The Wikipedia Goggle is a search engine for the English Wikipedia, using a trigram index and a ranking algorithm similar to Google's original PageRank, implemented in modern C++.
-
Install Bazel from https://bazel.build/install (you can do
brew install bazel
if you have Homebrew) -
Clone the git repo
git clone https://github.com/aapeliv/goggle.git
- Download files from the Wikipedia data dump using. E.g. to get a sample dump from April 1st 2022, go to https://dumps.wikimedia.org/enwiki/20220401/, download a partial dump and extract the index file.
cd data
# download the data dump
wget https://dumps.wikimedia.org/enwiki/20220401/enwiki-20220401-pages-articles-multistream1.xml-p1p41242.bz2
# download the data index file
wget https://dumps.wikimedia.org/enwiki/20220401/enwiki-20220401-pages-articles-multistream-index1.txt-p1p41242.bz2
# extract the index
bunzip2 enwiki-20220401-pages-articles-multistream-index1.txt-p1p41242.bz2
- Run the tests
bazel test //...
- Start the indexer and backend with
bazel run //src:goggle
- Once the backend comes up with a message `Serving on 8080.', you can test it with a query such as
curl "http://localhost:8080/query?q=finland"
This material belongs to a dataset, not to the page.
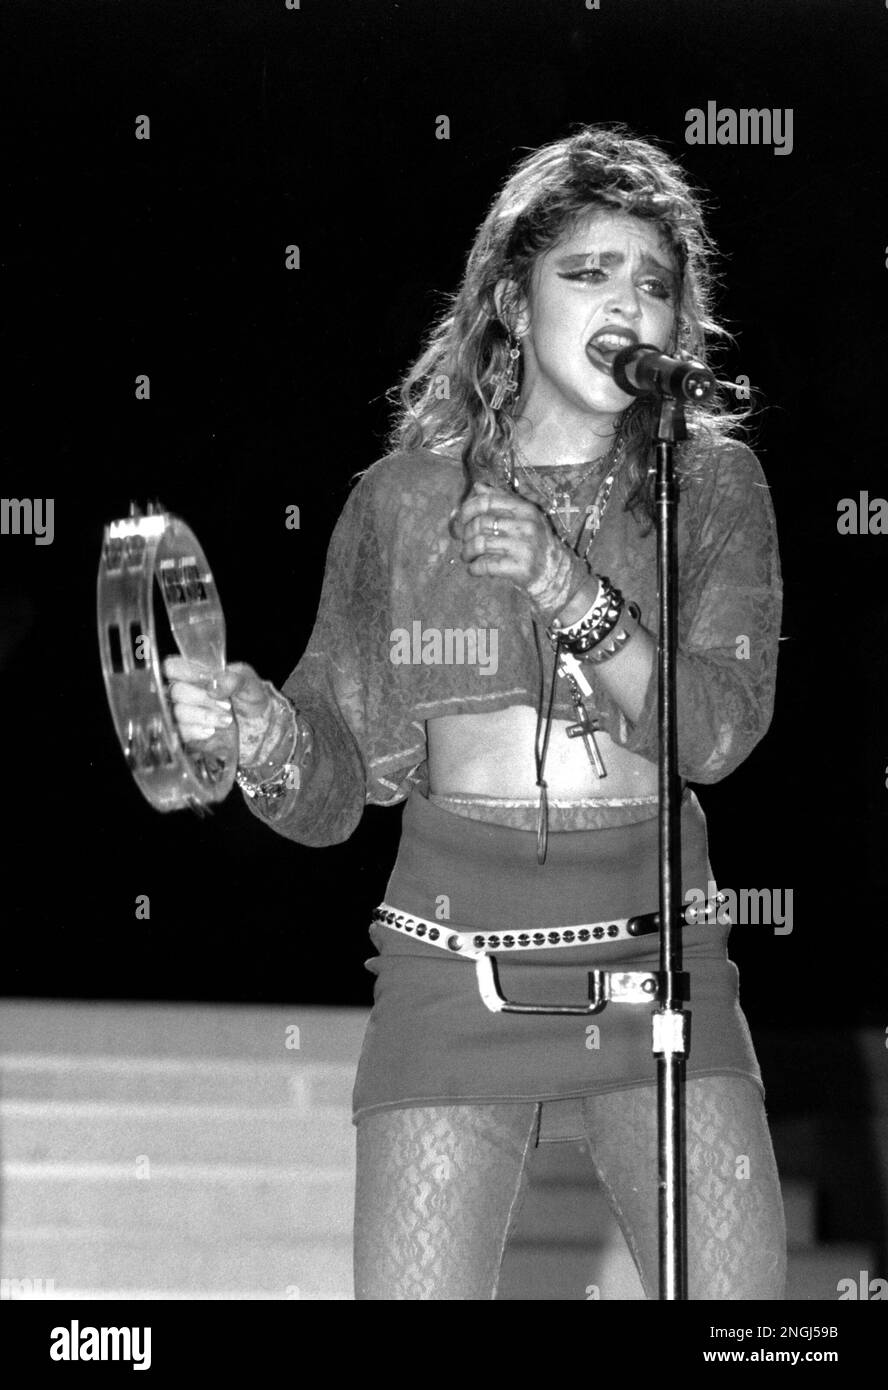 Madonna sings during a Live Aid concert in Philadelphia's JFK

- Build an optimized binary
bazel build --config=optz //src:goggle`
- Build an optimized frontend
cd frontend/
npm run build
-
Get a TLS certificate and place them in the working directory
-
Download the full Wikipedia dump and index
-
Run the full thing
./bazel-bin/src/goggle \
--db_dir=prod_db/ \
--dump_file path/to/articles-multistream.xml.bz2 \
--index_file path/to/articles-multistream-index.txt \
--enable_tls \
--server_cert path/to/cert.pem \
--server_key path/to/key.pem \
--frontend_server_dir frontend/build/